In POM Wonderful LLC v. Coca-Cola Co., No. 12-761, the Supreme Court unanimously reversed the district court and Ninth Circuit decisions, finding there was no conflict between the Lanham Act, which protects competitors and competition, and the Food, Drug and Cosmetic Act (FDCA), which protects consumer's health and safety.
POM sued Coca-Cola, claiming the Coca-Cola (under the Minute Maid brand) juice labeled “Pomegranate Blueberry Flavored Blend of 5 Juices” was false and misleading, as the juice contains 99.4% apple and grape juices, with only minuscule amounts of pomegranate juice and features on its product’s label a picture of all five fruits and the words “Pomegranate Blueberry” in a larger font than the words “Flavored Blend of 5 Juices.” POM Wonderful markets a juice labeled “Pomegranate Blueberry 100% Juice,” which consists entirely of pomegranate and blueberry juices.

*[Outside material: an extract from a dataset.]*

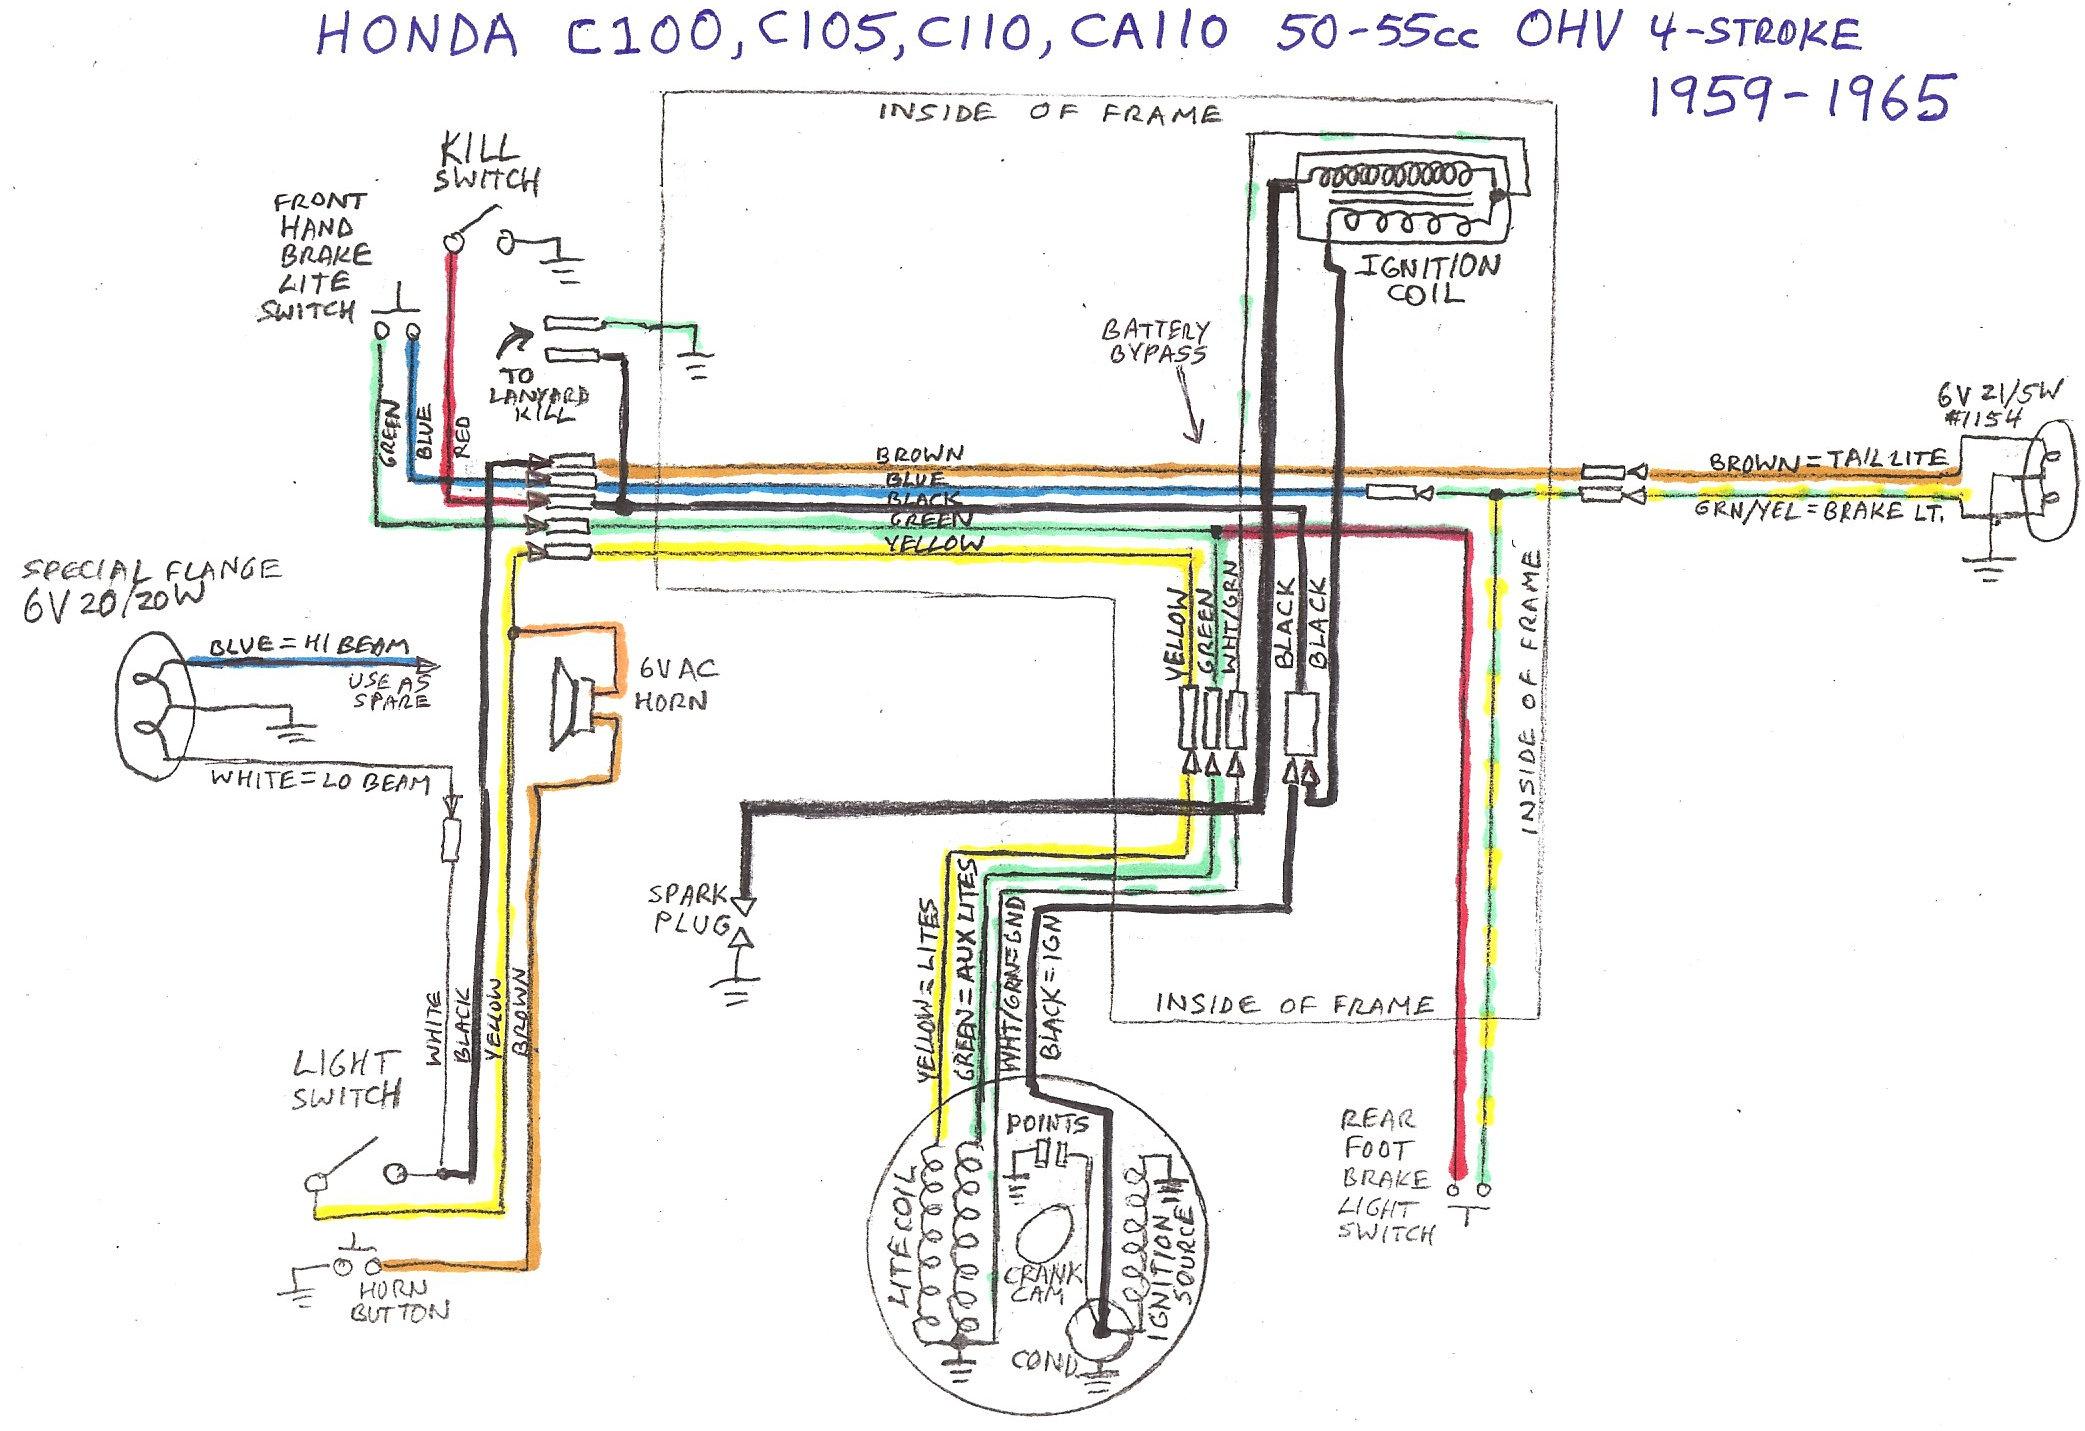 Wiring diagram kelistrikan mio j jzgreentown wiring diagram kelistrikan mio j choice image wiring asfbconference2016 Images
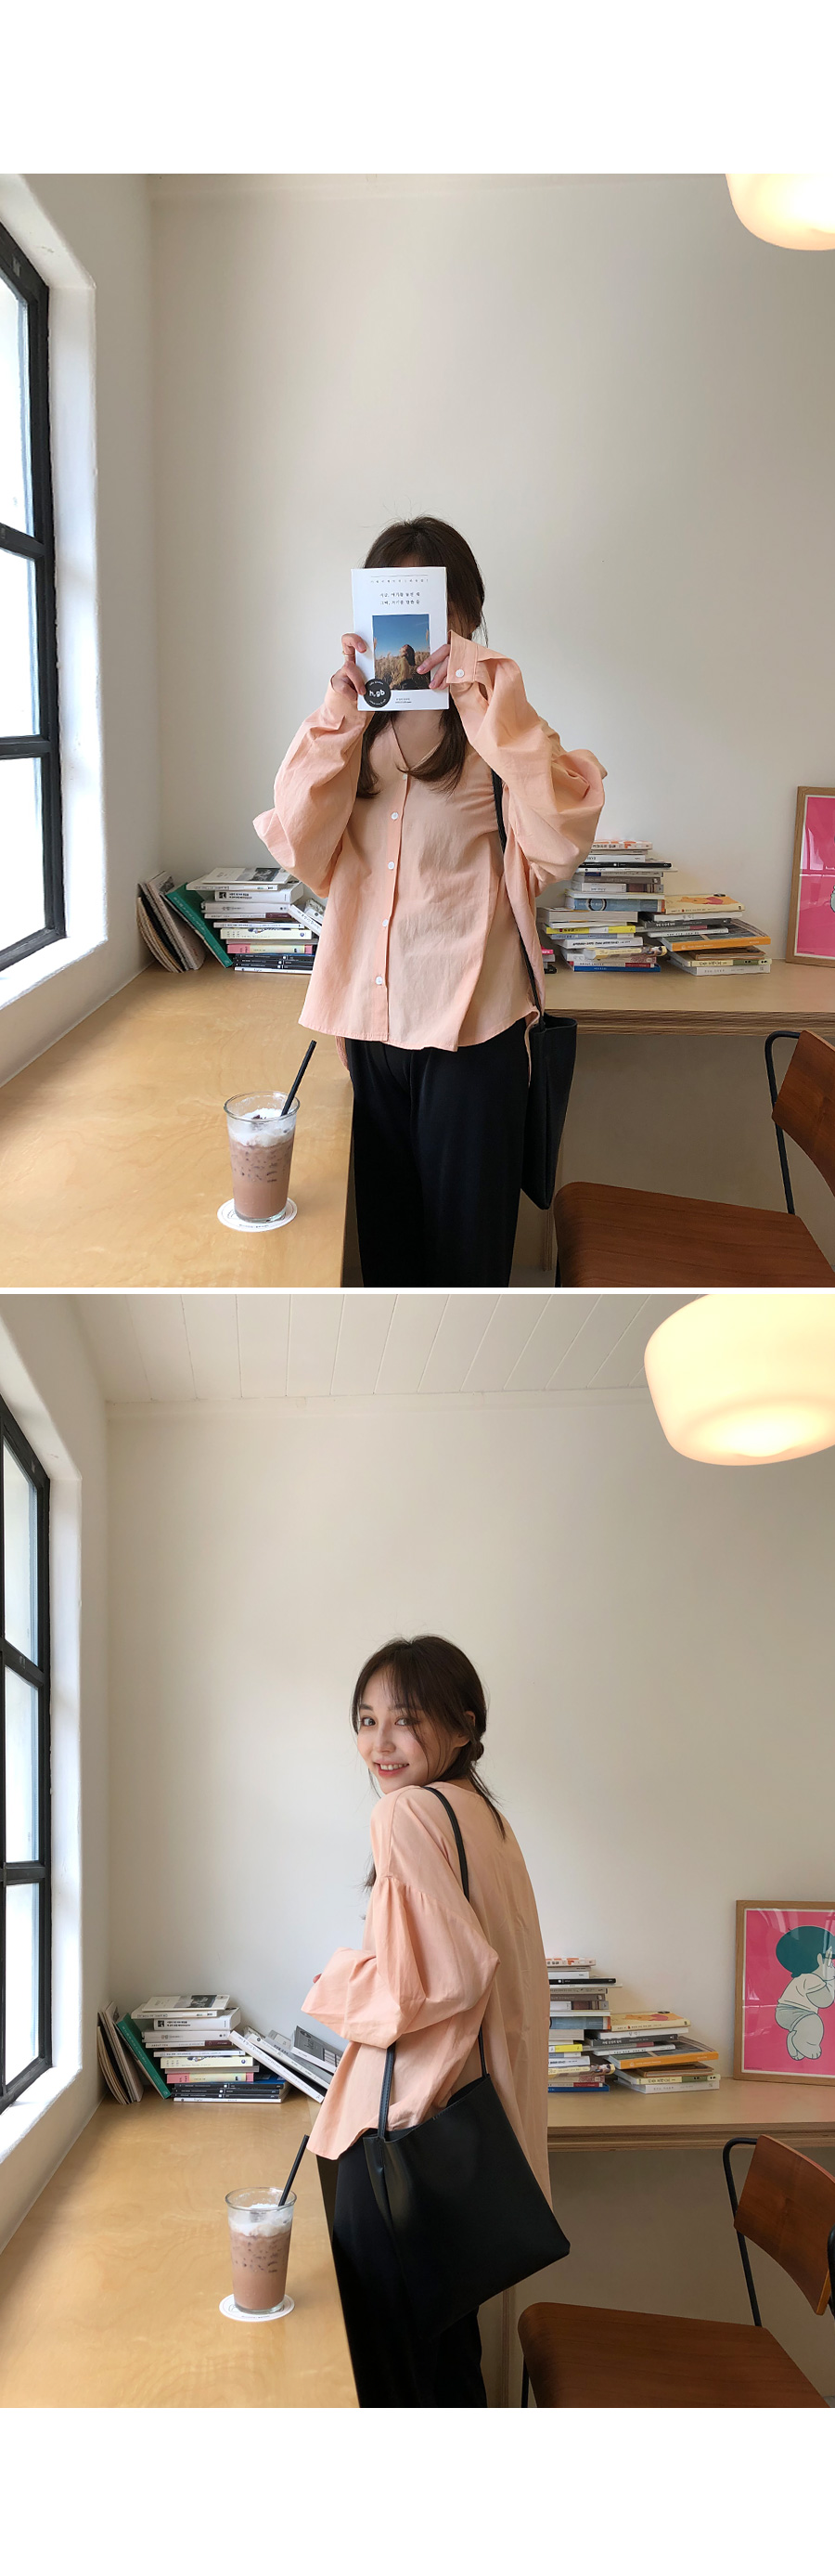 Peach v neck blouse

The court held that neither the Lanham Act nor the FDCA, in express terms, forbids or limits Lanham Act claims challenging labels that are regulated by the FDCA, and Congress did not intend FDA oversight to be the exclusive means of ensuring proper food and beverage labeling.
This decision is important to all businesses subject to food- and beverage-labeling requirements under the FDCA as compliance with the FDCA does not alleviate the need to also evaluate the label claims to determine if they are false or misleading under the Lanham Act.